In its most general statement, BoW commits to a fixed vocabulary V of size |V| and maps every document d to a vector x in R^|V|, where component x_i records how often word i occurs in d. The exact mapping depends on the weighting scheme: raw counts, binary presence flags, normalized counts, TF-IDF weights, or BM25 scores. Whatever syntax, ordering, and discourse structure the original text contained gets thrown out, leaving a single vector that summarizes which words appeared and how often. The surprise of BoW is how often that crude summary turns out to be enough.
The conceptual roots of the bag of words model trace back to linguist Zellig Harris's 1954 article "Distributional Structure," which explored the idea that the distribution of words in context carries meaningful information about language. Harris notably observed that "language is not merely a bag of words but a tool with particular properties which have been fashioned in the course of its use," an ironic early usage of the phrase that would later lend its name to the model.[1] Harris's broader distributional hypothesis, which states that words occurring in similar contexts tend to have similar meanings, laid the theoretical groundwork for many statistical approaches to language, including BoW.
The explicit formalization of BoW as a numerical representation came from work in information retrieval during the 1960s and 1970s. Gerard Salton and his collaborators at Cornell developed the SMART Information Retrieval System, which represented documents and queries as numeric vectors over a vocabulary. Their 1975 paper "A Vector Space Model for Automatic Indexing" set out the geometry that underlies modern retrieval: documents are points in a high-dimensional space, queries are also points, and similarity reduces to the cosine of the angle between two vectors.[2] The vocabulary defines the axes and BoW counts give the coordinates.

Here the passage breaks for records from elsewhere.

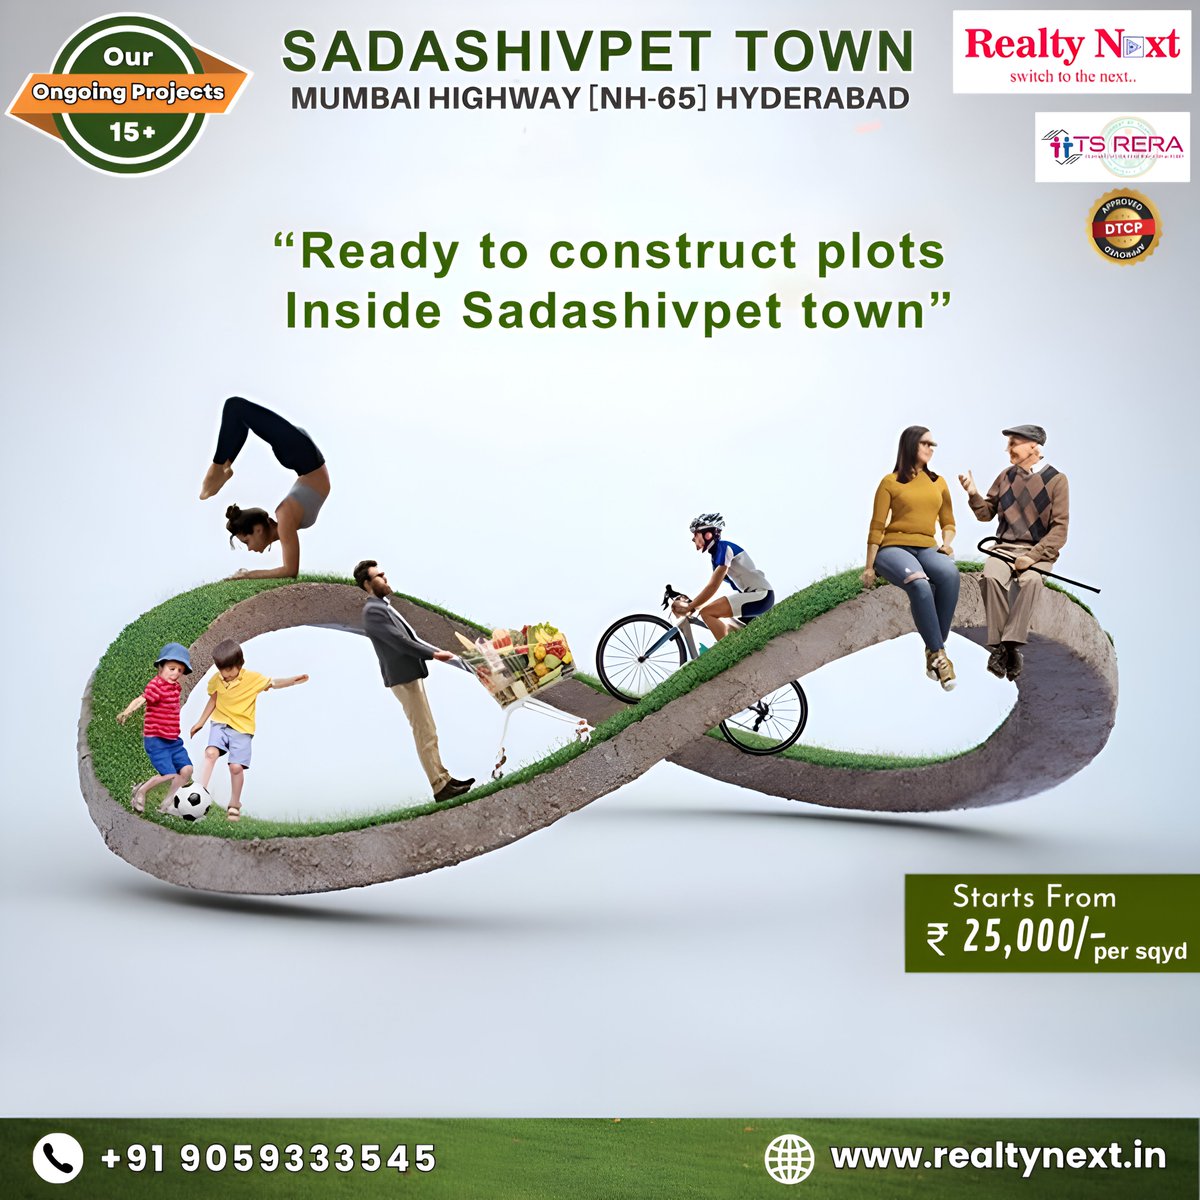 Open Plots For sale at Sadashivpet Town near Mumbai Highway, Hyderabad starting from ₹25,000 per sqyd.

Phone:9059333545
#realtynext #RealEstate #Hyderabad #residential #investment #property #Trending #Landsat #RERA #Telangana #investing  #forsale #realestateforsale #openplots
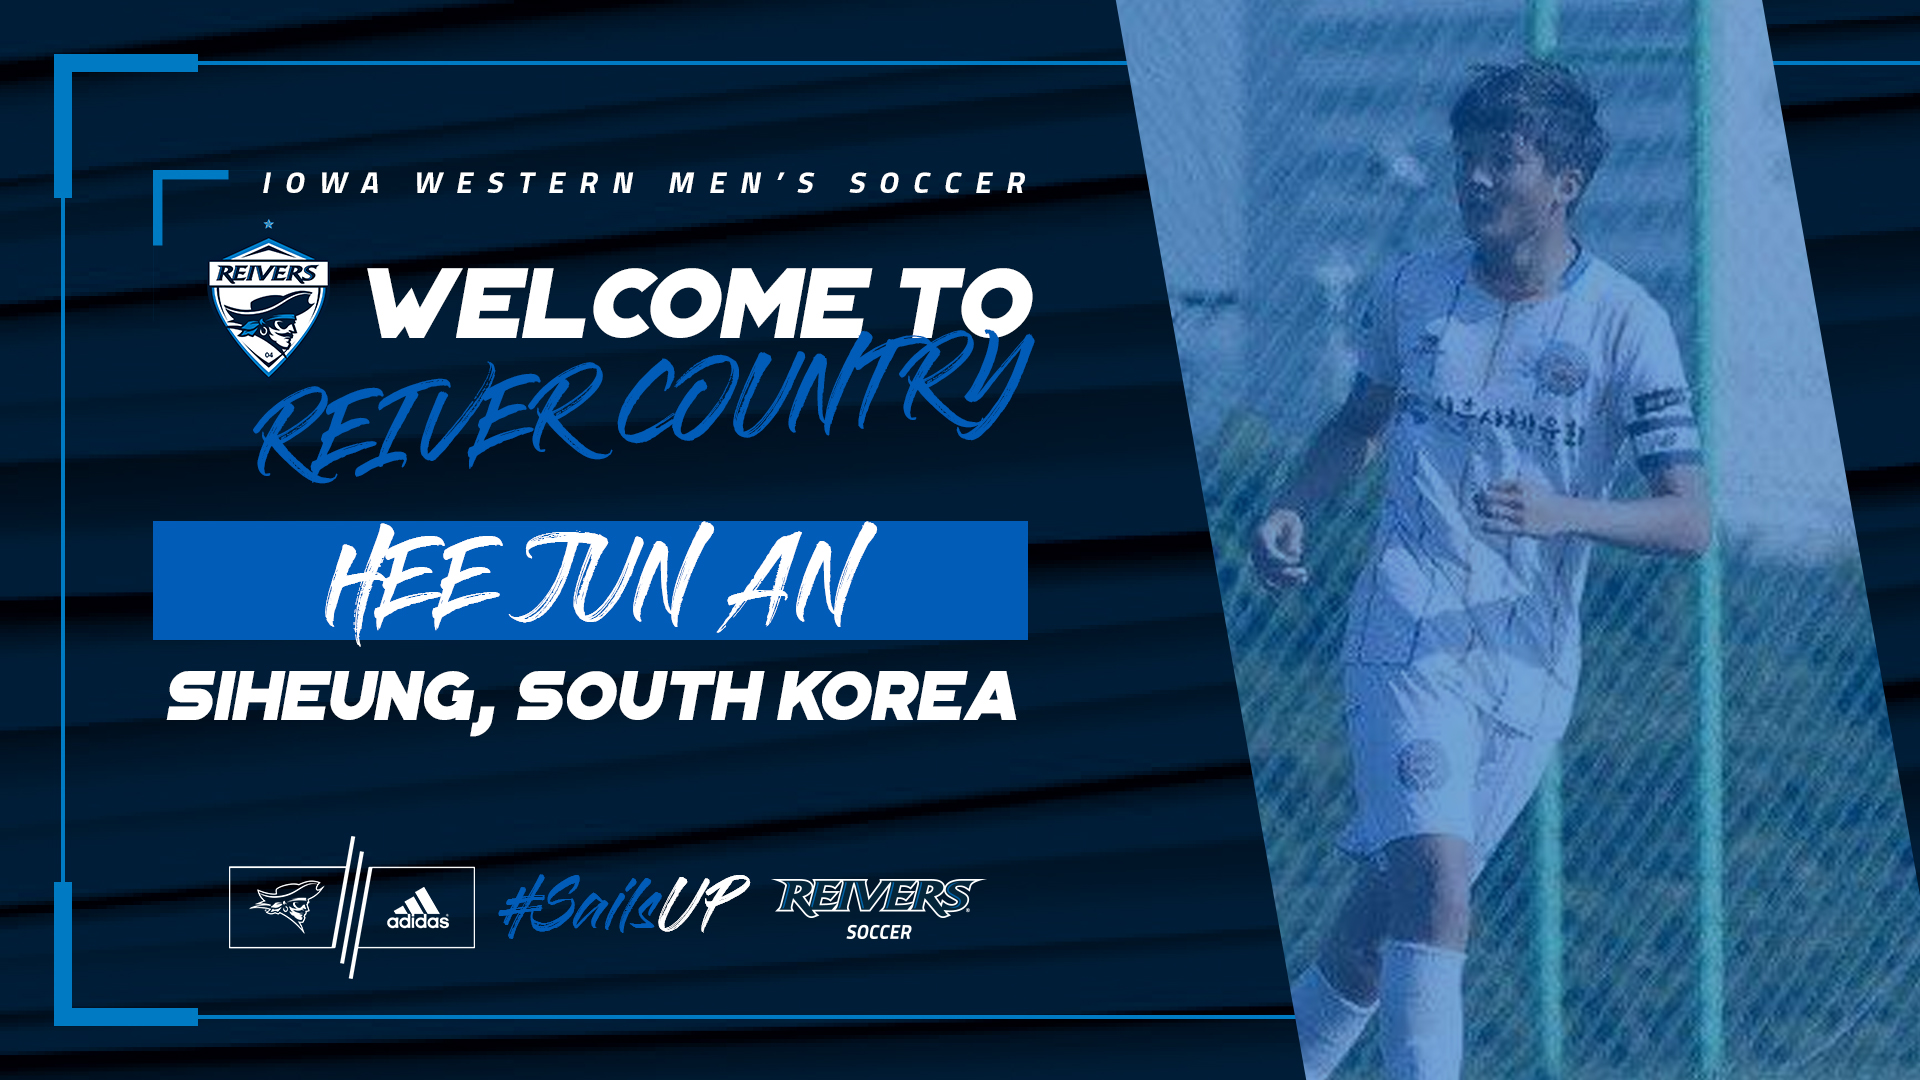 Reiver men's soccer adds Hee Jun An to roster for 2019
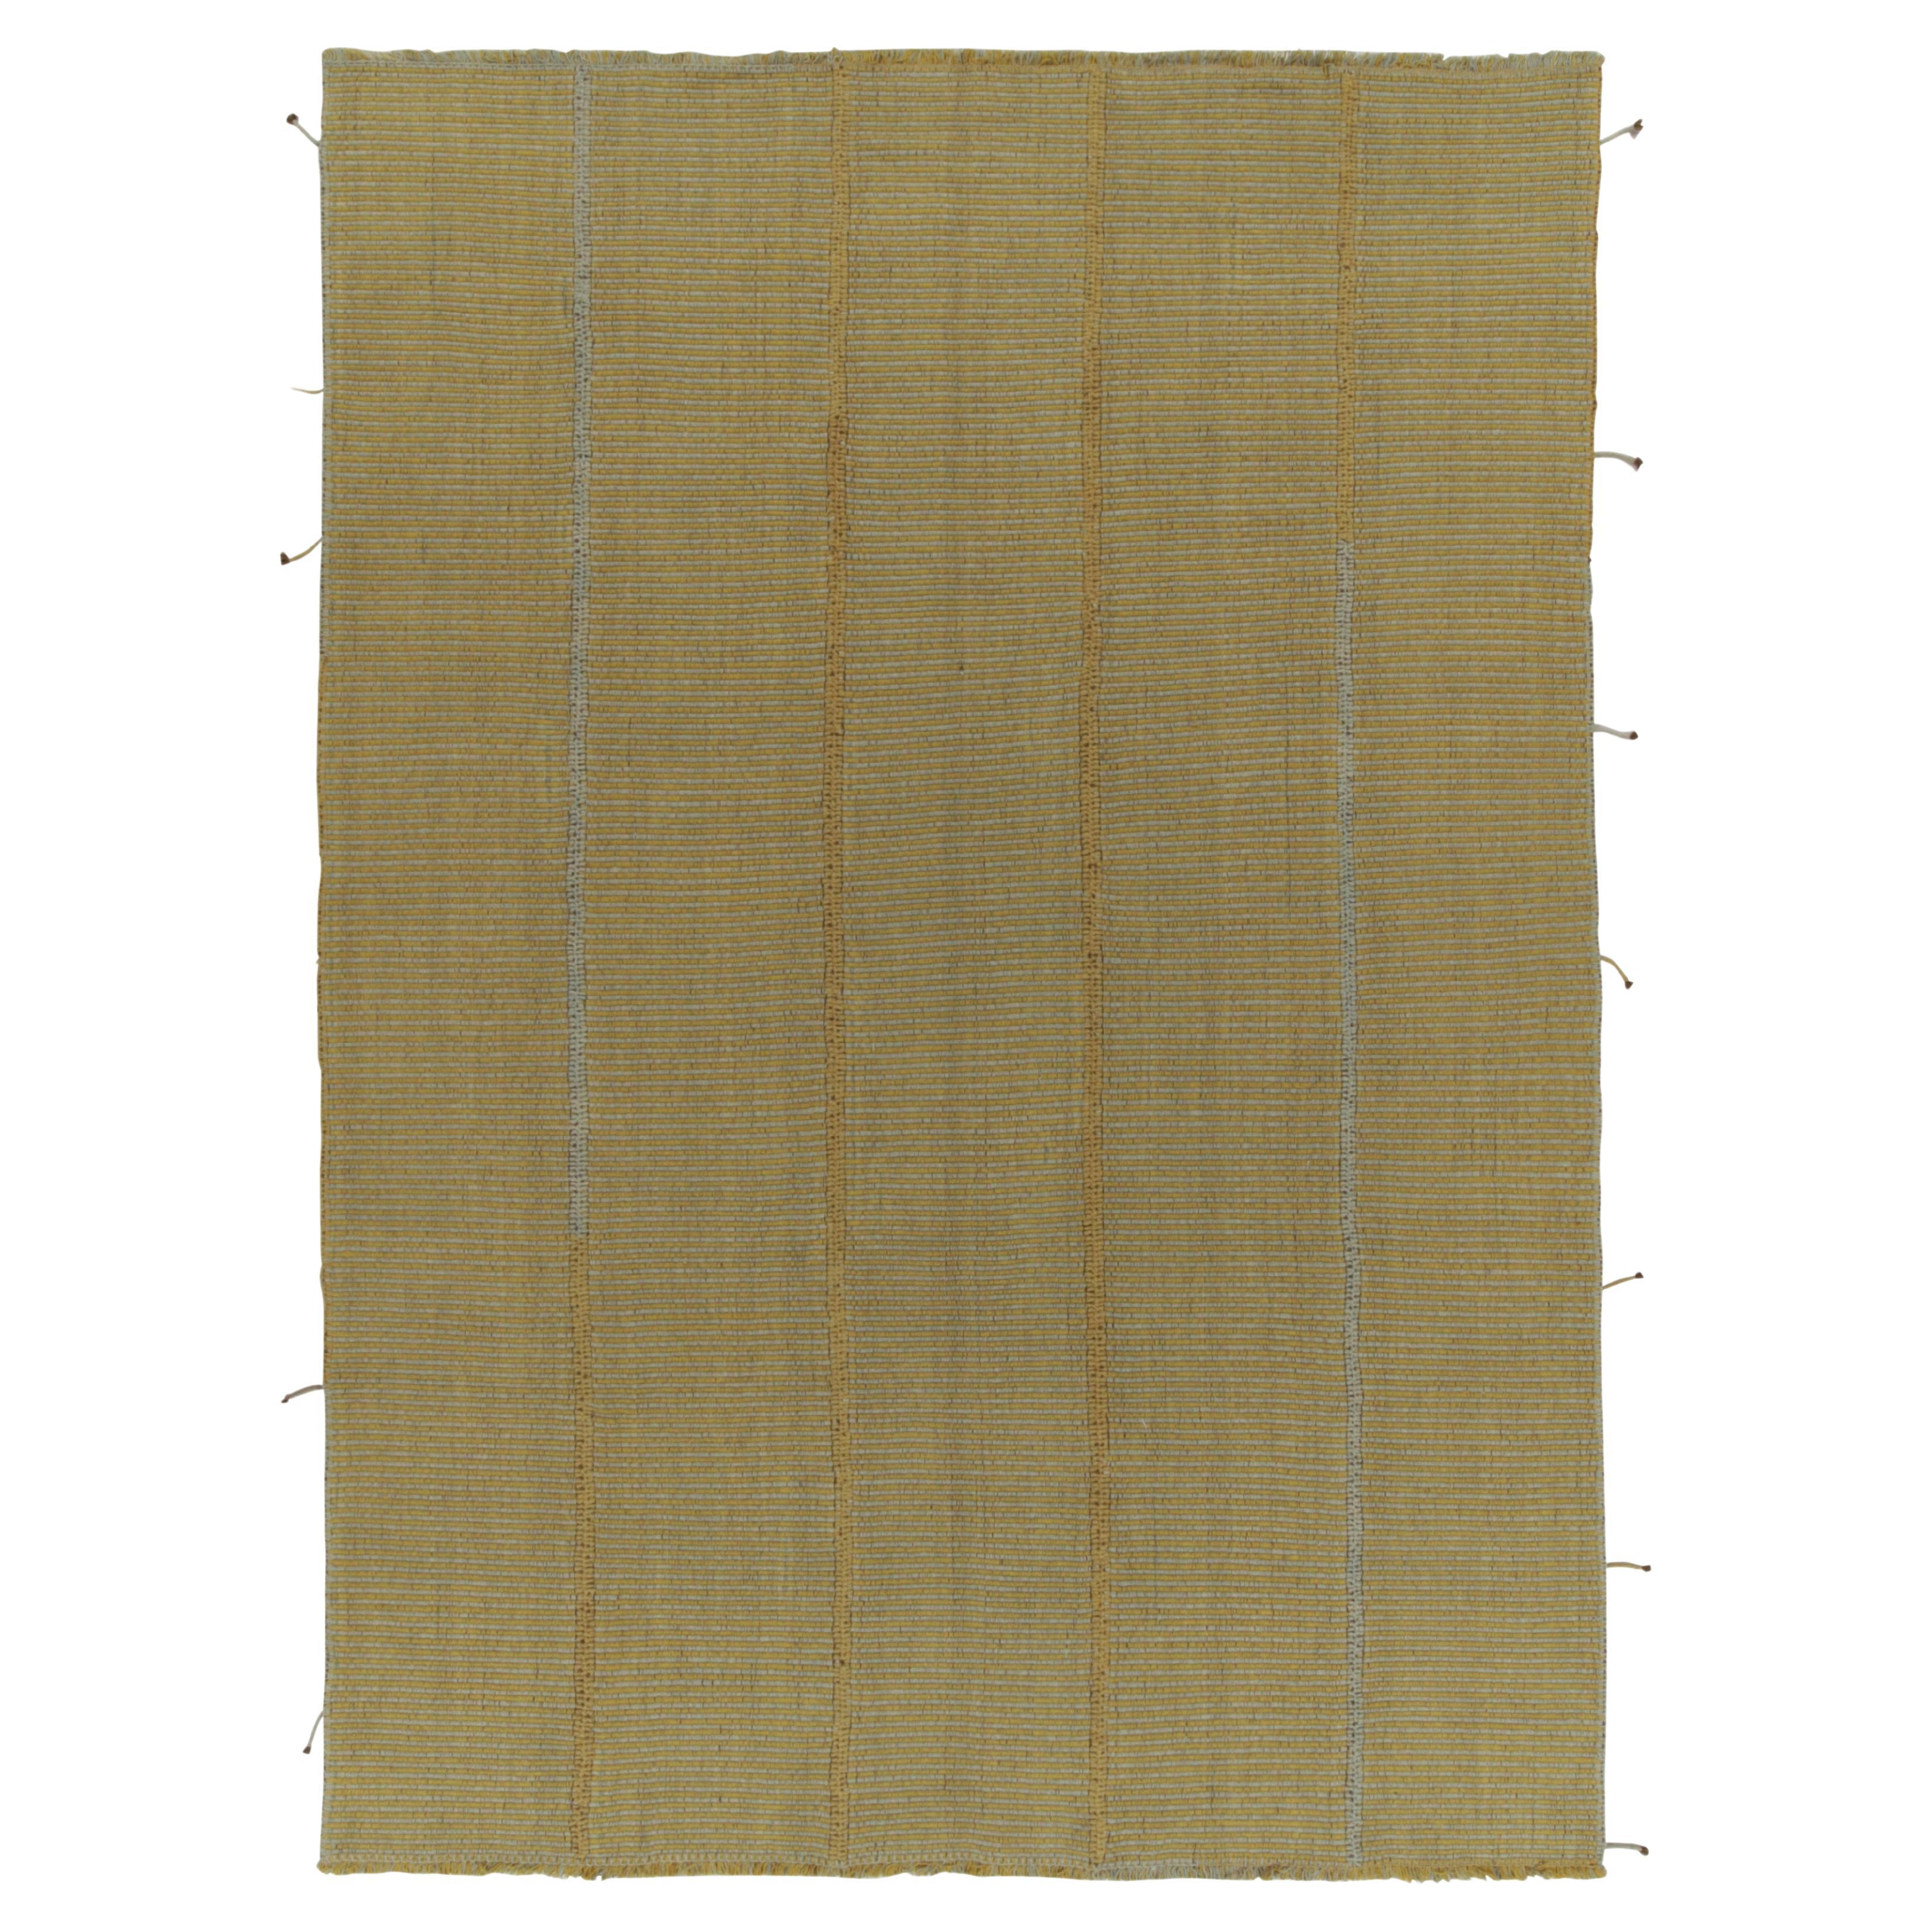 Rug & Kilim’s Contemporary Kilim in Golden-Yellow with Blue Stripes & Accents

A key refinement followed in 1988 when Salton and Christopher Buckley published "Term-weighting approaches in automatic text retrieval," cataloging the family of TF-IDF style weights that would dominate text retrieval for the next quarter century.[3] Karen Sparck Jones had already published her 1972 paper introducing inverse document frequency as a way to scale term importance based on rarity.[4] The Okapi BM25 weighting function, developed by Stephen Robertson and his collaborators at City University in London during the early 1990s, became the standard probabilistic refinement of TF-IDF and is still the default ranker in many open-source search engines today.[5]
The bag of words model gained practical traction outside retrieval in the late 1990s and early 2000s as researchers applied it to text classification and spam filtering. The early Naive Bayes spam filters of Sahami, Dumais, Heckerman, and Horvitz (1998) and the rule-based filter SpamAssassin both treated email as a bag of words and scored each message by the conditional probability of its tokens under spam vs. ham distributions.[6] Its straightforward implementation and reasonable performance on many tasks made BoW a default baseline for text analysis long before the rise of deep learning and word embedding methods.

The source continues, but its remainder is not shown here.